Today’s Budget will do much to improve consumer sentiment and confidence following the disturbing events during the State of the Nation address earlier this month, says Lew Geffen, chairman of Sotheby’s International Realty in SA.
“We think Finance Minister Nhlanhla Nene has done an excellent job given the fact that he had so little room to manoeuvre on this Budget, and has managed to address most of the issues currently troubling most South Africans.
“For example, he has taken a tough stand on government wastage and tender fraud, and promised to save at least R25bn for the fiscus by implementing tighter controls.”
“At the same time, he has found more money for housing, schools, hospitals and especially for the improvement and repair of the outdated and inadequate infrastructure in our rapidly growing cities. This is all positive news for the property market, which is dependent on positive consumer sentiment, because it improves people’s experience of their living environments.”

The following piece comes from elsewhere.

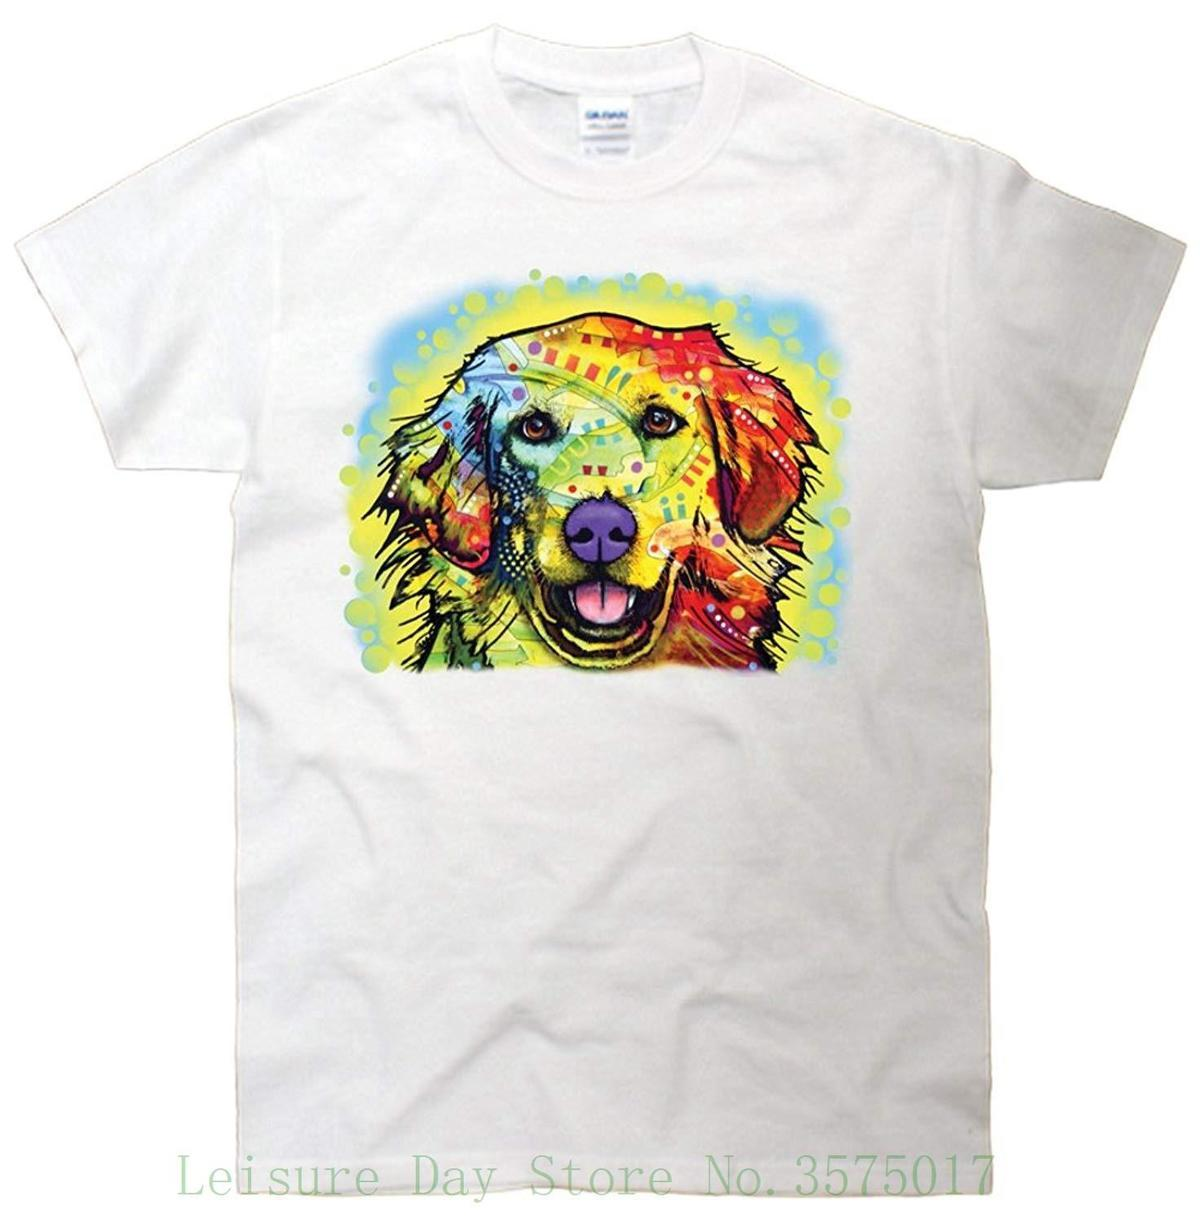 d27985417e Golden Retriever Official Dean Russo T Shirt Quality T Shirts Men Printing  Short Sleeve O Neck Tshirt Funny Slogan T Shirts Cool Shirt Design From  Yuxin0005 ...

Consumers will of course not be happy about the large increase in the fuel levy, Geffen says, because it will increase their cost of transport. “However it was probably the best option available, and better than a bigger increase in personal taxes or a hike in the VAT rate.
“What is more, it will also enable the Minister to give significant tax relief to small businesses, which are the real engines of job creation, and to raise the transfer duty threshold to R750 000, which will enable many more of the people who get jobs to afford their own homes.
“From our point of view, we are also very glad that the confusion over foreign buyers being allowed to acquire residential properties in SA has been cleared up, and believe that this, combined with today’s positive Budget, will do much to encourage much-needed private investment in SA.”